Nope. That's why I sent you the code ;-)
H.
>
> On Fri, May 31, 2013 at 3:42 AM, Hervé Pagès <hpages at fhcrc.org> wrote:
>> Hi Fabrice,
>>
>> With the loc2rsid() function (see code at the bottom) and using
>> SNPlocs.Hsapiens.dbSNP.20100427 (I don't have
>> SNPlocs.Hsapiens.dbSNP.20120608 installed at the moment):
>>
>>
>> mylocs <- GRanges(Rle(c("ch22", "chM", "ch21", "ch22"), c(2, 2, 1, 1)),
>> IRanges(c(200, 16369861, 146, 73, 9411609, 16051107),
>> width=1))
>>
>> > mylocs
>> GRanges with 6 ranges and 0 metadata columns:
>> seqnames ranges strand
>> <Rle> <IRanges> <Rle>
>> [1] ch22 [ 200, 200] *
>> [2] ch22 [16369861, 16369861] *
>> [3] chM [ 146, 146] *
>> [4] chM [ 73, 73] *
>> [5] ch21 [ 9411609, 9411609] *
>> [6] ch22 [16051107, 16051107] *
>> ---
>> seqlengths:
>> ch21 ch22 chM
>> NA NA NA
>>
>> Then:
>>
>> library(SNPlocs.Hsapiens.dbSNP.20100427)
>>
>> > loc2rsid(mylocs)
>> CharacterList of length 6
>> [[1]] character(0)
>> [[2]] rs75258394 rs78180314
>> [[3]] character(0)
>> [[4]] character(0)
>> [[5]] rs76676778
>> [[6]] rs6518357
>>
>> You need to be careful to use the same chromosome naming convention as
>> the SNPlocs package (which uses dbSNP naming convention). For example
>> in the 'mylocs' object, the mitochondrial chromosome is named chM but
>> in the SNPlocs package it's chMT:
>>
>> > getSNPcount()
>> ch1 ch2 ch3 ch4 ch5 ch6 ch7 ch8 ch9
>> ch10
>> 1369185 1422439 1186807 1191984 1064540 1040203 977275 919207 740516
>> 859433
>> ch11 ch12 ch13 ch14 ch15 ch16 ch17 ch18 ch19
>> ch20
>> 855225 822825 615382 543041 499101 556394 464686 482359 375259
>> 450685
>> ch21 ch22 chX chY chMT
>> 253480 244482 445596 53908 667
>>
>> This is why the locations on chM are not mapped to anything.

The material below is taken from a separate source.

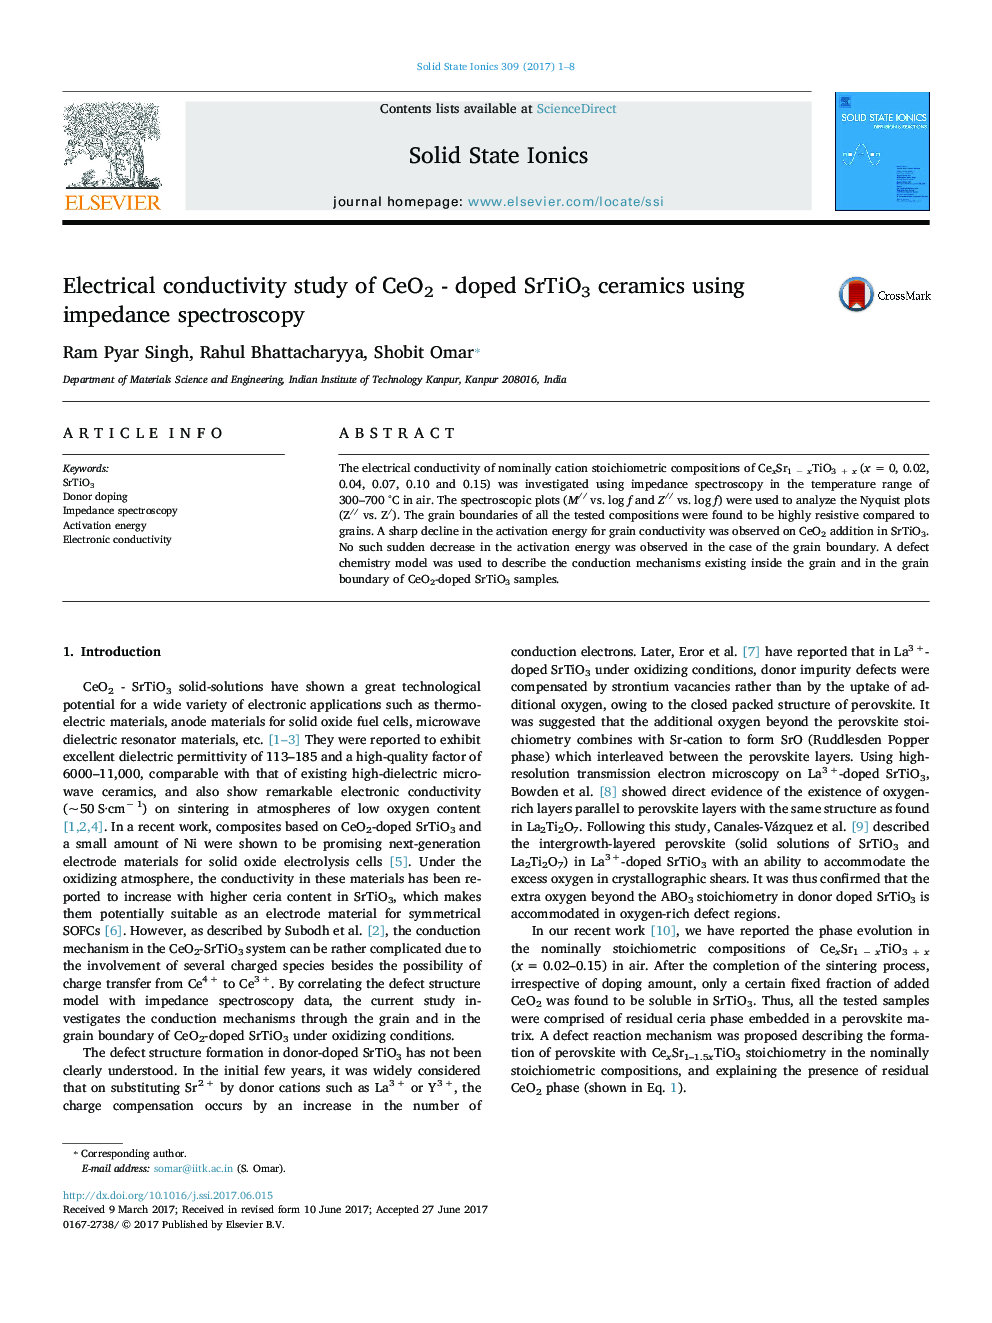 Electrical conductivity study of CeO2 - doped SrTiO3 ceramics using impedance spectroscopy

But
>> after renaming:
>>
>> > seqlevels(mylocs)[3] <- "chMT"
>> > seqlevels(mylocs)
>> [1] "ch21" "ch22" "chMT"
>>
>> > loc2rsid(mylocs)
>> CharacterList of length 6
>> [[1]] character(0)
>> [[2]] rs75258394 rs78180314
>> [[3]] rs72619361
>> [[4]] rs3087742
>> [[5]] rs76676778
>> [[6]] rs6518357
>>
>> they get mapped.
>>
>> The CharacterList object returned by loc2rsid() can be set as a
>> metadata column of the input GRanges object:
>>
>> > mcols(mylocs)$rsid <- loc2rsid(mylocs)
>> > mylocs
>> GRanges with 6 ranges and 1 metadata column:
>> seqnames ranges strand | rsid
>> <Rle> <IRanges> <Rle> | <CharacterList>
>> [1] ch22 [ 200, 200] * |
>> [2] ch22 [16369861, 16369861] * | rs75258394,rs78180314
>> [3] chMT [ 146, 146] * | rs72619361
>> [4] chMT [ 73, 73] * | rs3087742
>> [5] ch21 [ 9411609, 9411609] * | rs76676778
>> [6] ch22 [16051107, 16051107] * | rs6518357
>> ---
>> seqlengths:
>> ch21 ch22 chMT
>> NA NA NA
>>
>> Hope this helps,
>> H.
>>
>>
>> ## Maps the genomic locations in 'locs' to the corresponding rs ids.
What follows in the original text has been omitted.